The oldest birotule-bearing freshwater sponges from the Upper Cretaceous–lower Paleocene Deccan volcanic-associated sediments of India

BANDANA SAMANT, ROBERTO PRONZATO, DHANANJAY MAHENDRAKUMAR MOHABEY, TIZIANA CUBEDDU, GIACINTA ANGELA STOCCHINO, KRUTIKA JANGALE, PRANAY THALAL, ANUP DHOBALE, and RENATA MANCONI

Samant, B., Pronzato, R., Mohabey, D.M., Cubeddu, T., Stocchino, G.A., Jangale, K., Thalal, P., Dhobale, A., and Manconi, R. 2023. The oldest birotule-bearing freshwater sponges from the Upper Cretaceous–lower Paleocene Deccan volcanic-associated sediments of India. Acta Palaeontologica Polonica 68 (1): 167–174.

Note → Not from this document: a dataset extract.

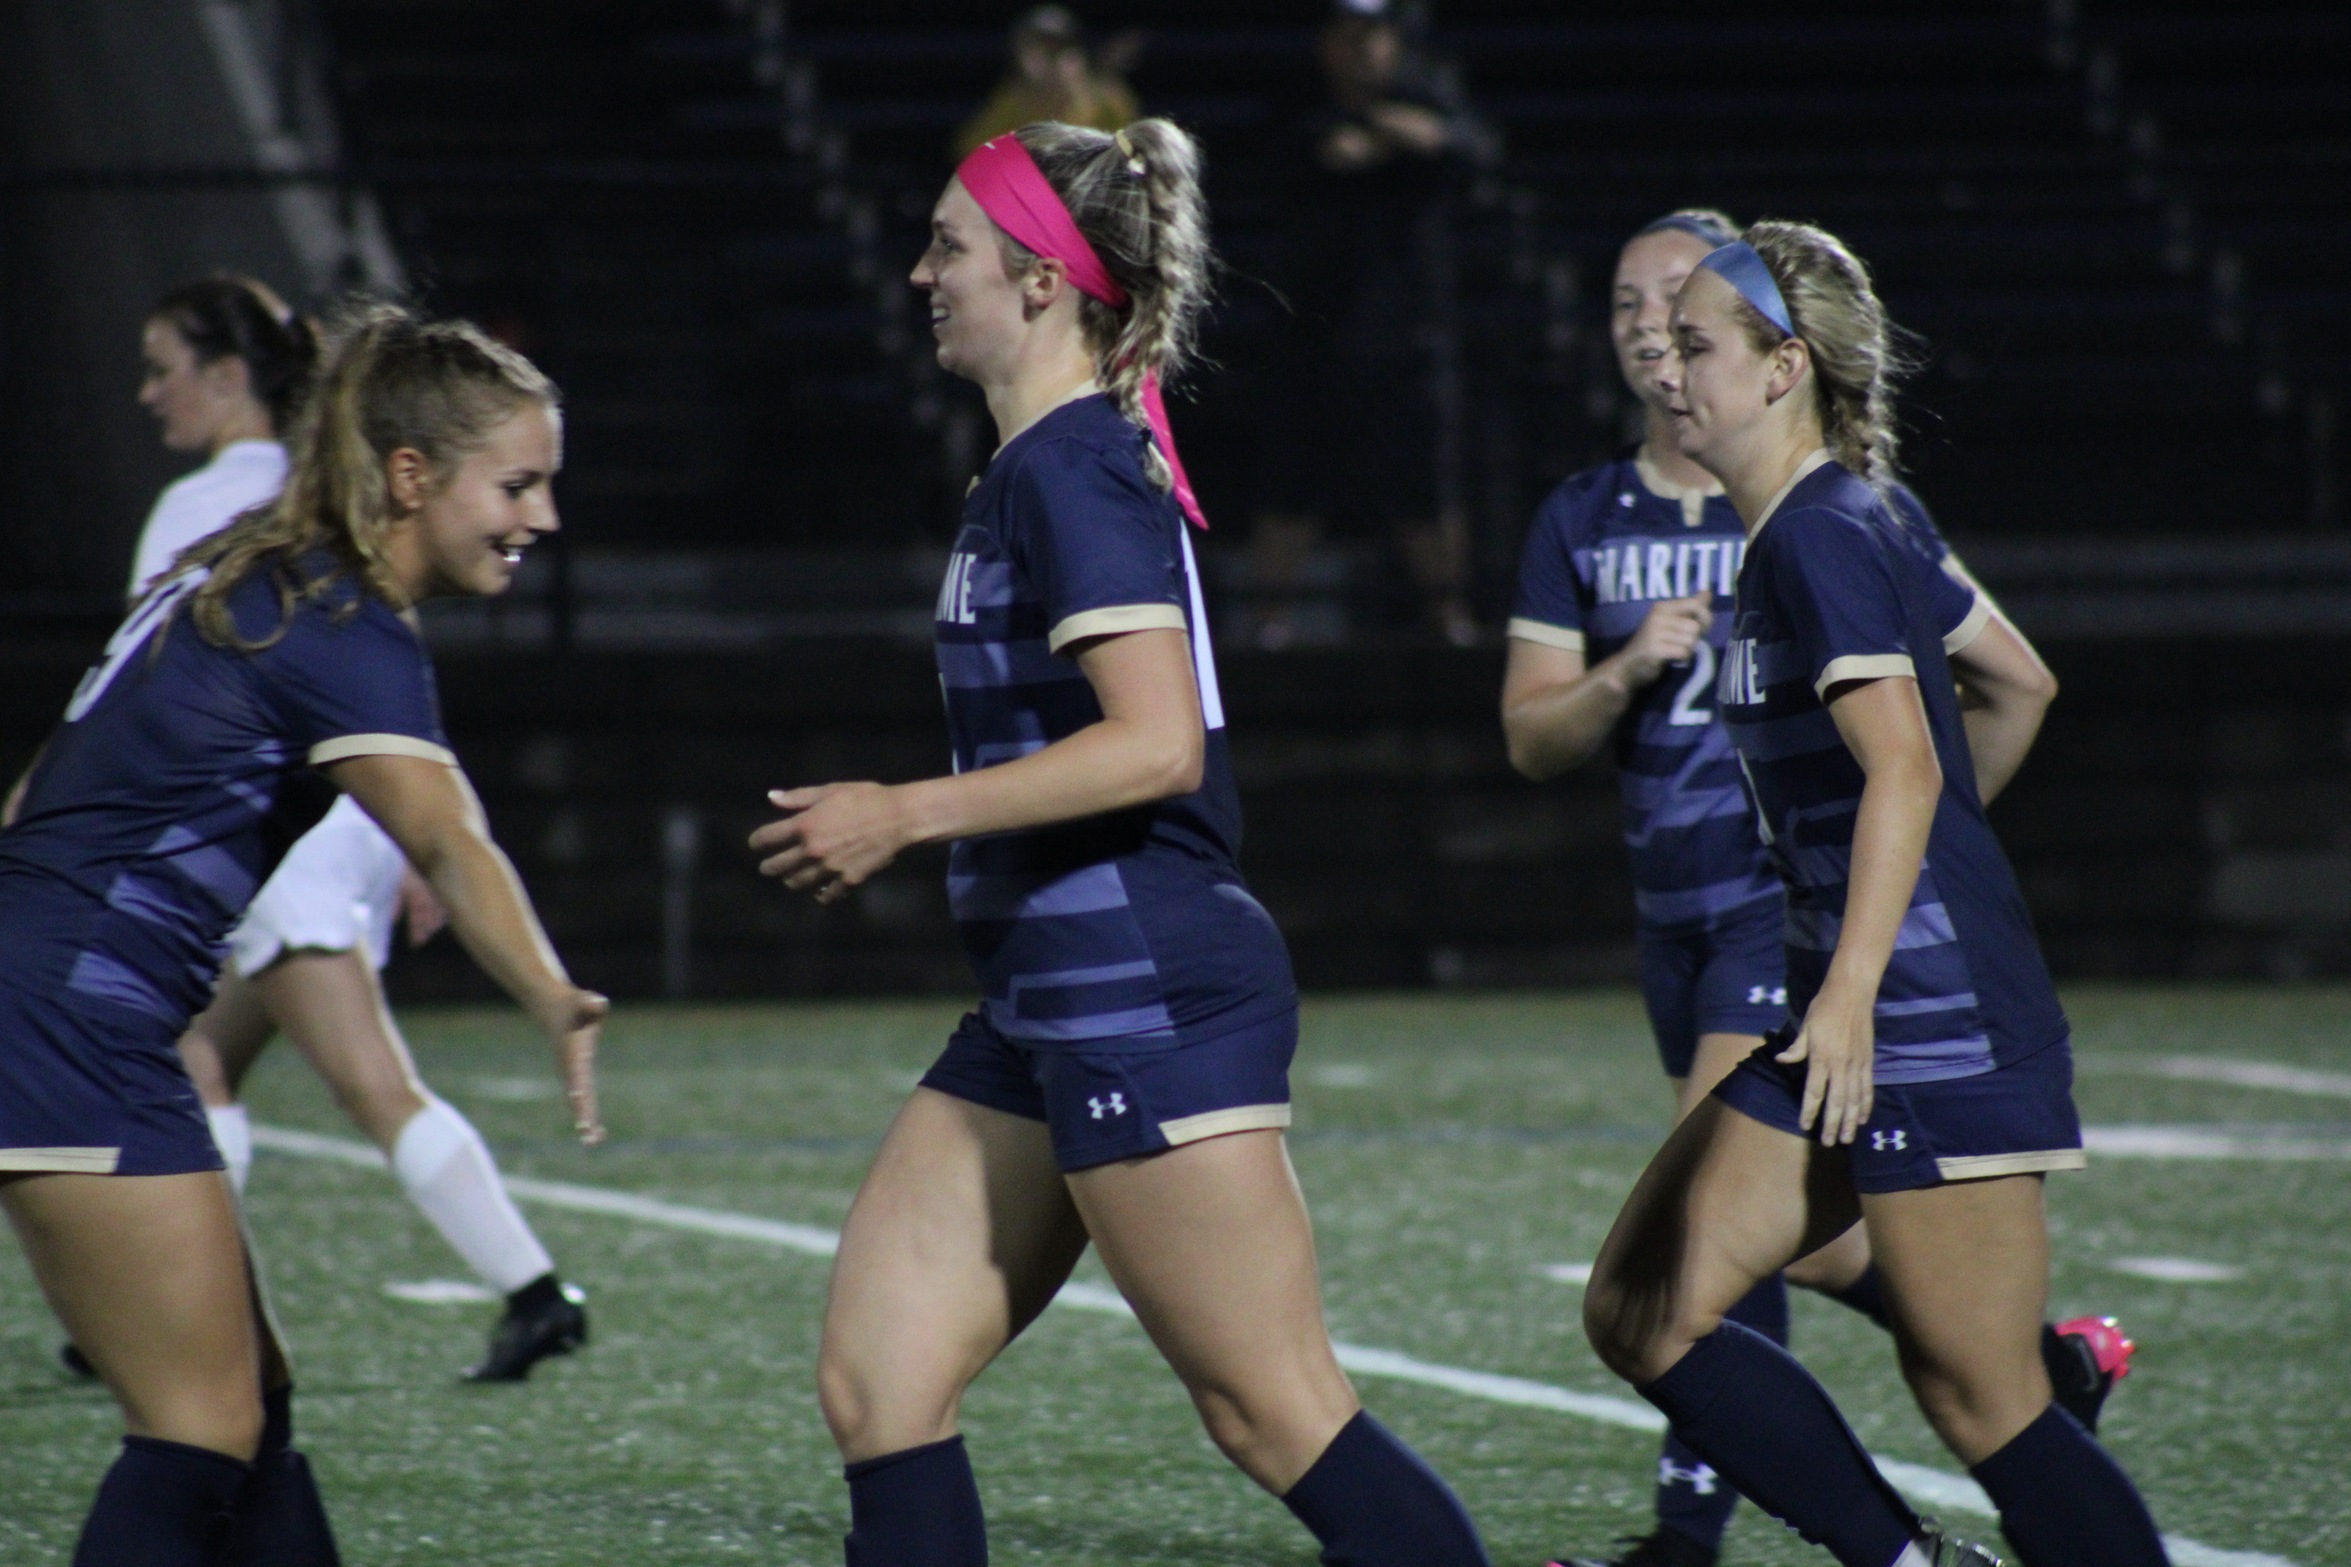 Bucs Tame Lions in Clean Sheet Win on the Road

A new fossil occurrence of freshwater sponges (Porifera: Demospongiae) is reported from the Deccan volcanic associated Naskal intertrappean locality, deposited in an interval of <100 kyr across the Cretaceous/Paleogene (K/Pg) boundary. This is the oldest record of siliceous fossil birotule spicules (gemmuloscleres) belonging to asexual resting stages typical of the order Spongillida. The analysis supports the ascription of these fossils to the family Palaeospongillidae. The diagnosis and description of Longibirotula Pronzato and Manconi gen. nov. and its type species Longibirotula antiqua Manconi and Samant sp. nov. from the Naskal intertrappean is based on skeletal and gemmular spicular morphotraits. The findings have provided evidence of the presence of diversified groups of freshwater sponges during the Late Cretaceous on the Indian subcontinent and Gondwanaland. From the biogeographic context, the findings track the evolutionary trends of the oldest continental sponges in the Asian and Australasian/Insular Pacific regions.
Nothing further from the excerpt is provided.